We are subject to a variety of claims and lawsuits. Adverse outcomes in some or all of these claims may result in significant monetary damages or injunctive relief that could adversely affect our ability to conduct our business. Litigation and other claims are subject to inherent uncertainties and the outcomes can be difficult to predict. Management may not adequately reserve for a contingent liability, or we may suffer unforeseen liabilities, which could then impact the results of a financial period. A material adverse impact on our consolidated financial statements could occur for the period in which the effect of an unfavorable final outcome becomes probable and reasonably estimable and could harm our results of operations and financial condition.
Continued declines in consumer auto revenue could negatively impact the carrying value of the goodwill associated with the reporting unit.
We experienced substantial growth through 2008 in our auto segment as PNDs became mass-market consumer electronics in both Europe and North America.

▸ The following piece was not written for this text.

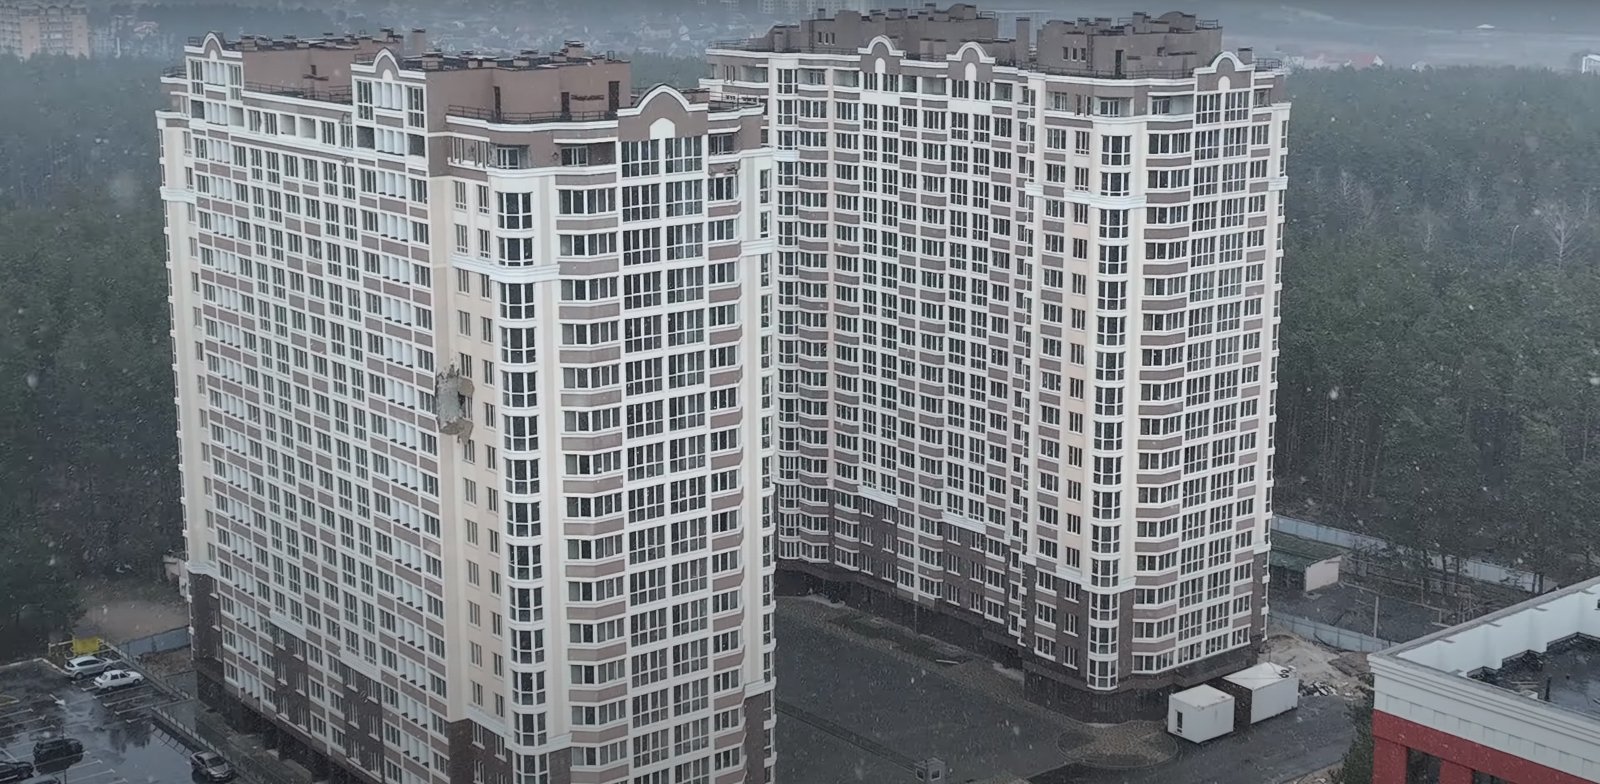 Південна околиця Ірпеня, найближча до Києва. ЖК “Сяйво-2” на понад 500 квартир. Ураження зовнішніх стін у порівнянні з іншими – мінімальні. На будинки накладався арешт у 2019 році, введені в експлуатацію у 2020-му. Станом на сьогодні будинки майже не заселені, інфраструктура поблизу – нерозвинена

The consumer auto market has been declining as competing technologies emerged and market saturation occurred. Navigation technologies have been incorporated into and become more prevalent in competing devices such as mobile handsets, tablets, and new automobiles through factory-installed systems. The acceptance by consumers of these alternative solutions has negatively impacted sales and profits in the consumer auto segment. There is no assurance that the decline in sales will end, and thus no assurance that we can continue to generate profits from the consumer auto segment, which could put some or all of the goodwill associated with the consumer auto reporting unit at further risk of impairment.
Our products may contain undetected security vulnerabilities, which could result in damage to our reputation, lost revenue, diverted development resources and increased warranty claims, and litigation.

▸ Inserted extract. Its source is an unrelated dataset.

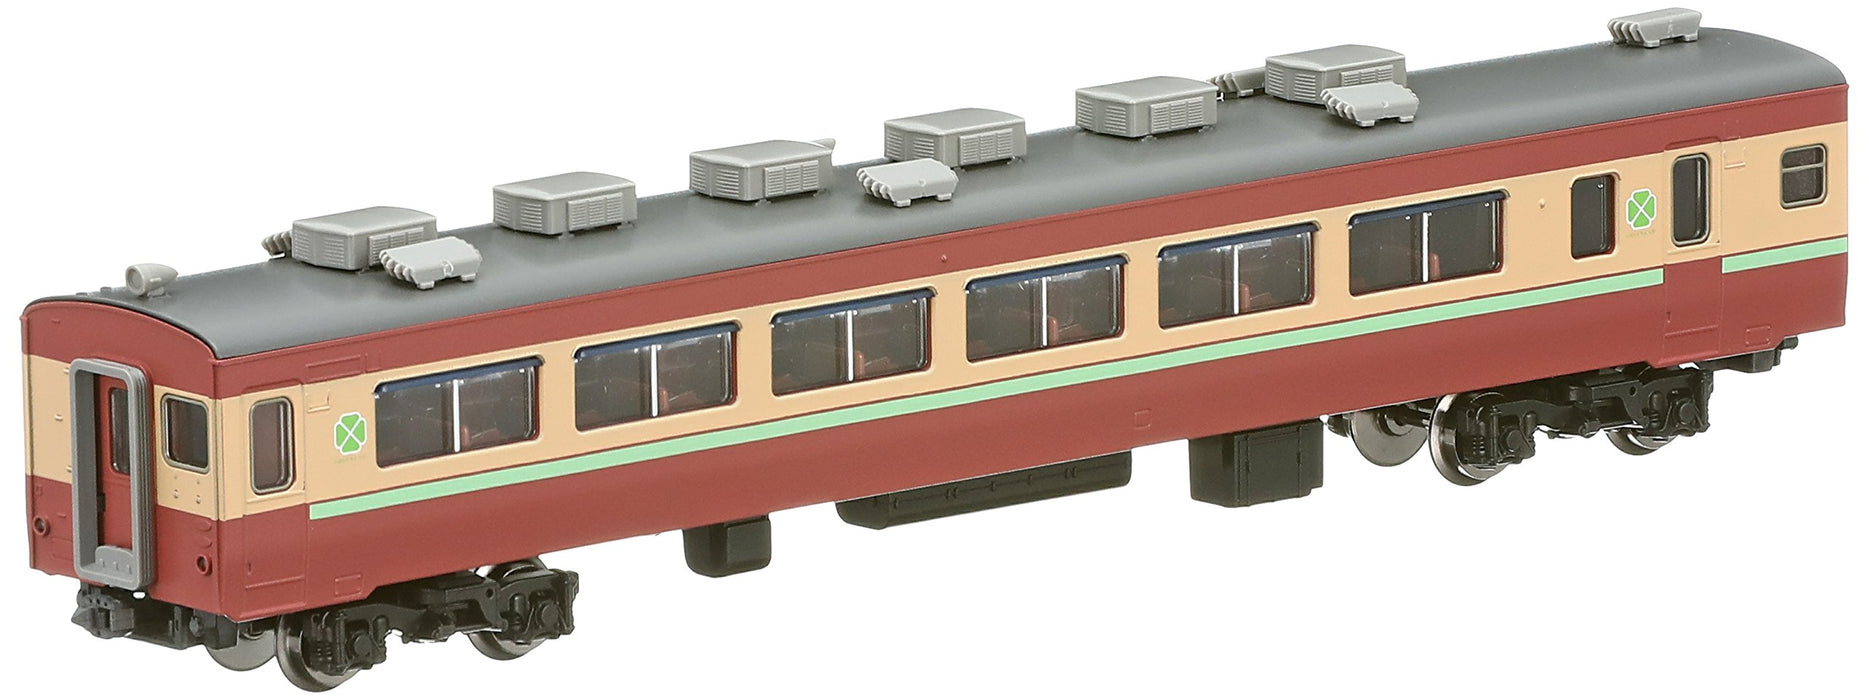 Tomytec Tomix N Gauge 455 Salo avec Obi - 8949 Train miniature pour chemin de fer

Undiscovered vulnerabilities in our products could expose them to hackers or other unscrupulous third parties who develop and deploy viruses and other malicious software programs that could attack our products. Actual or perceived security vulnerabilities in our products could harm our reputation and lead some customers to return products, to reduce or delay future purchases, or use competing products.

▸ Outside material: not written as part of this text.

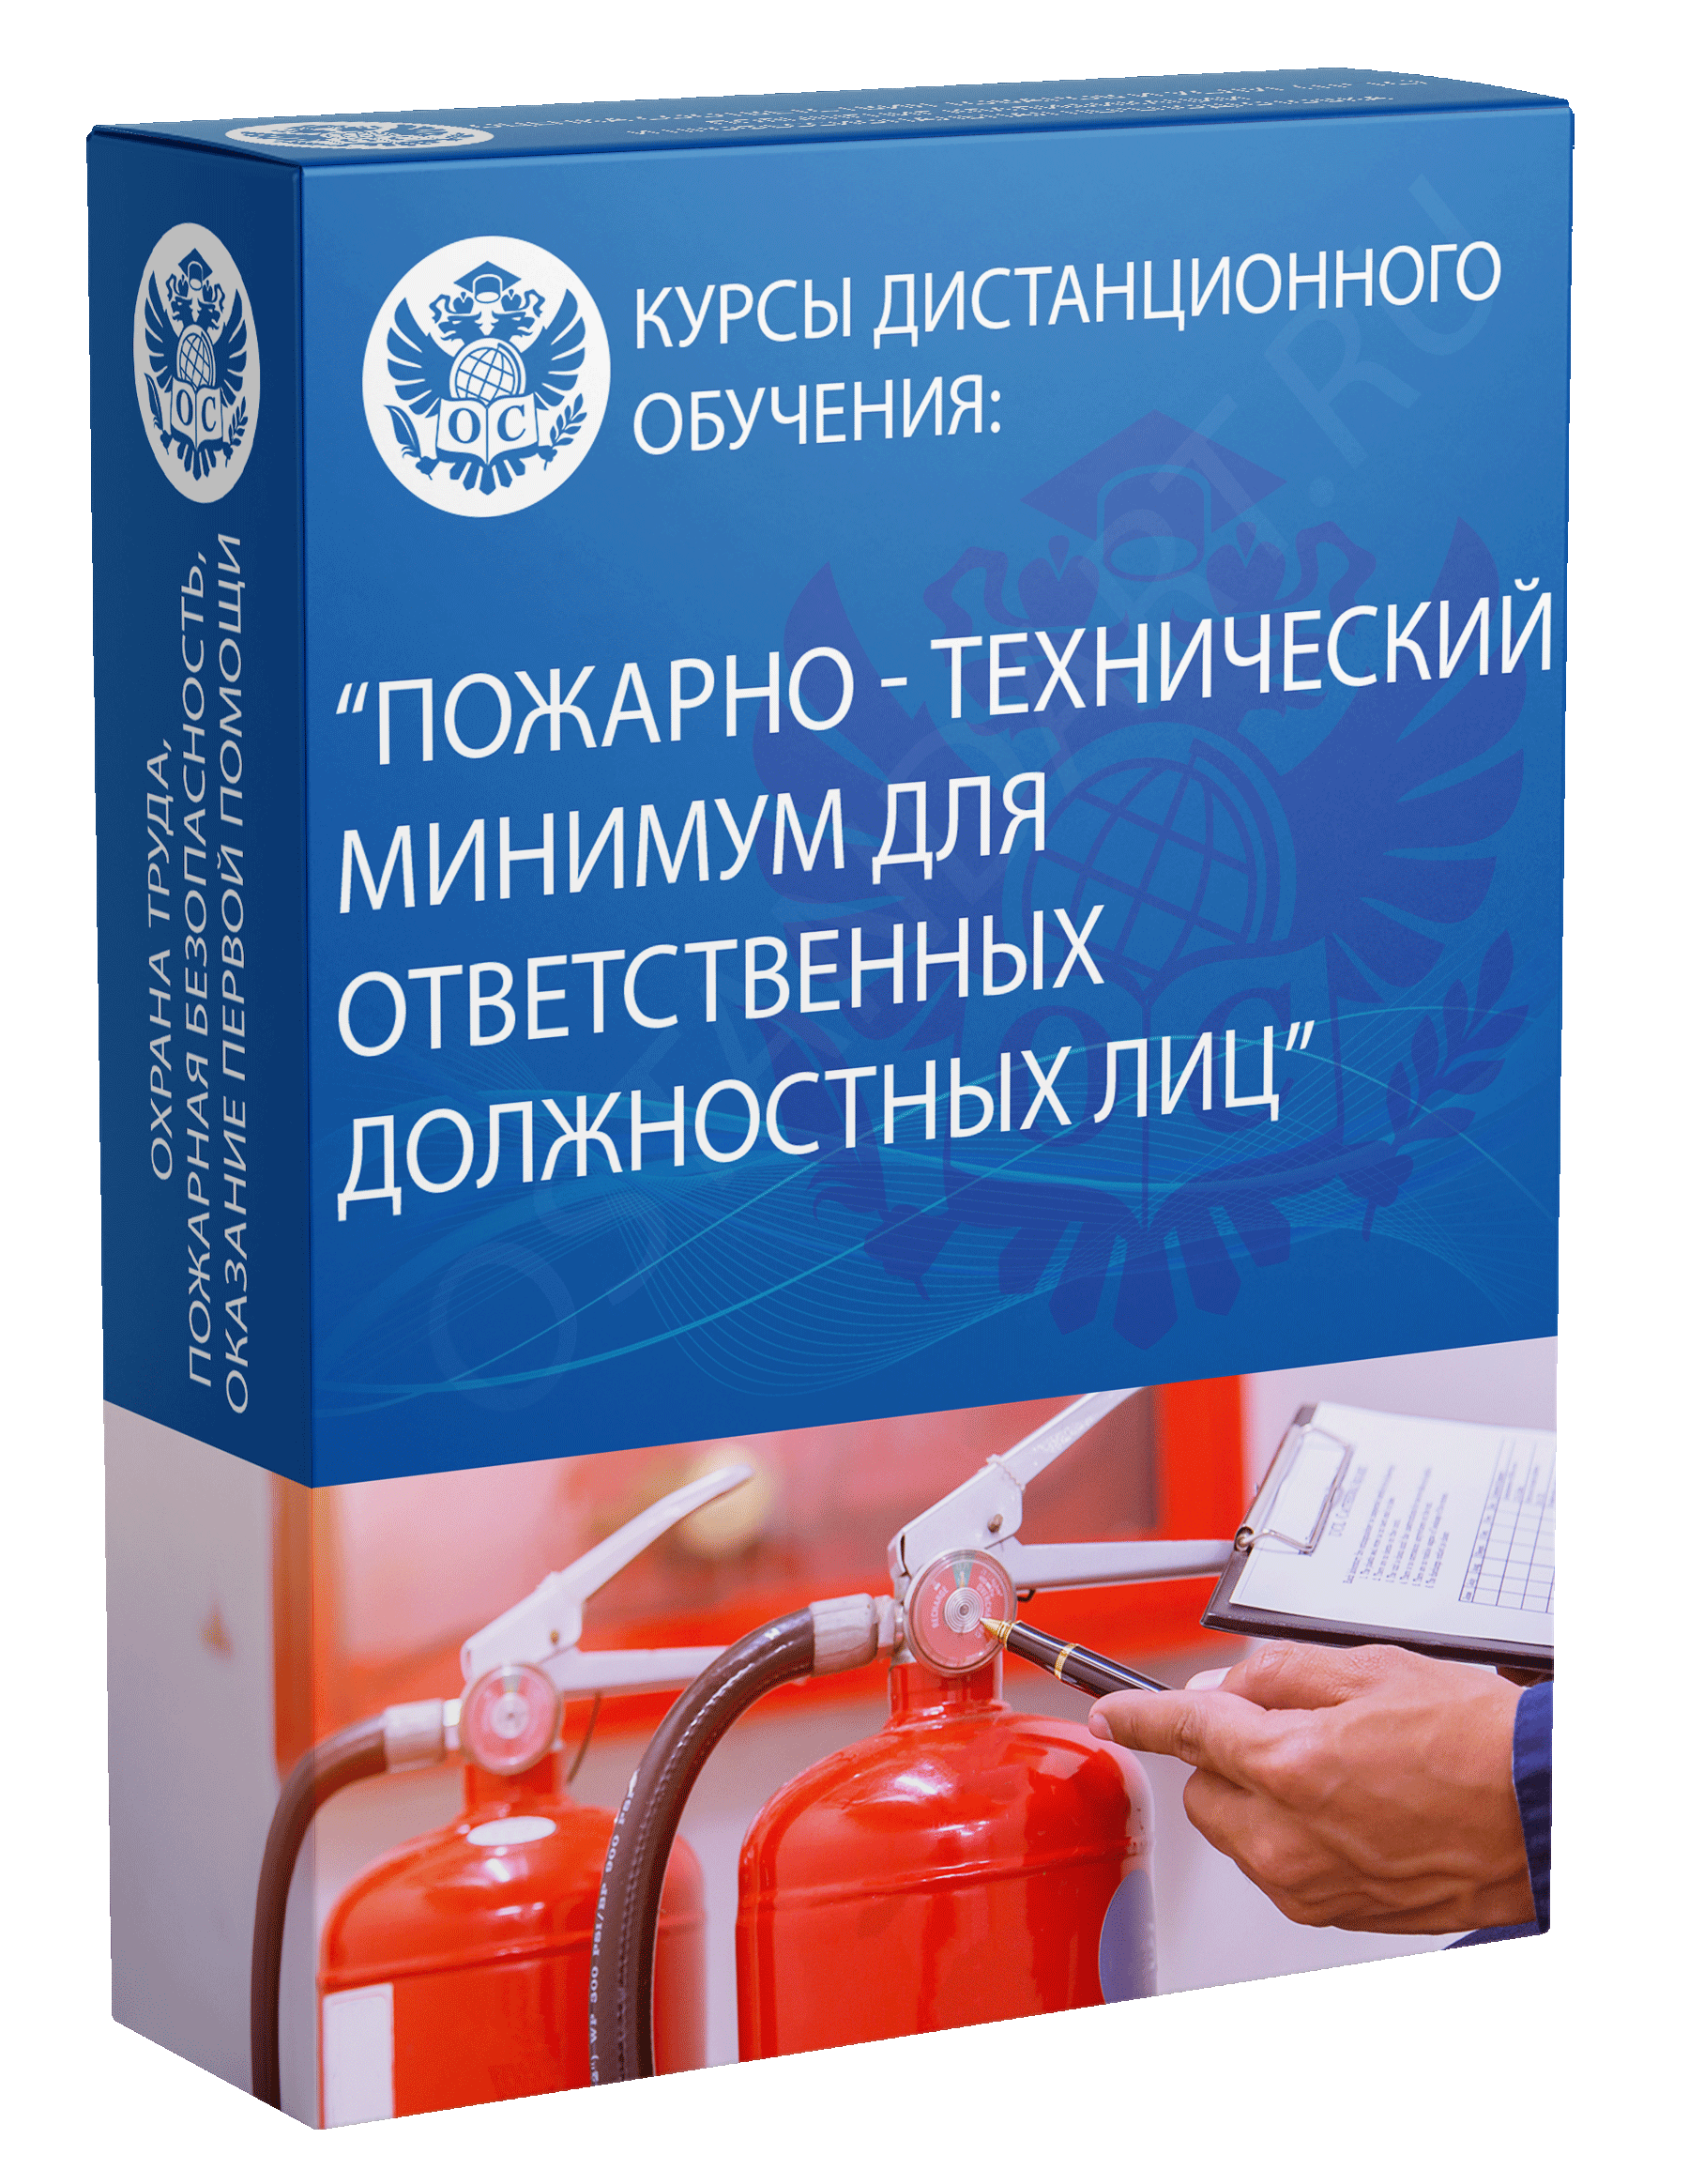 Пожарно-технический минимум для ответственных должностных лиц курс обучения

Our business is subject to a variety of United States and international laws, regulations and other legal obligations regarding data protection.
We collect, store, process, and use personal information and other user data. Our users’ personal information may include, among other information, names, addresses, phone numbers, email addresses, payment account information, height, weight, age, gender, heart rates, sleeping patterns, GPS-based location, and activity patterns.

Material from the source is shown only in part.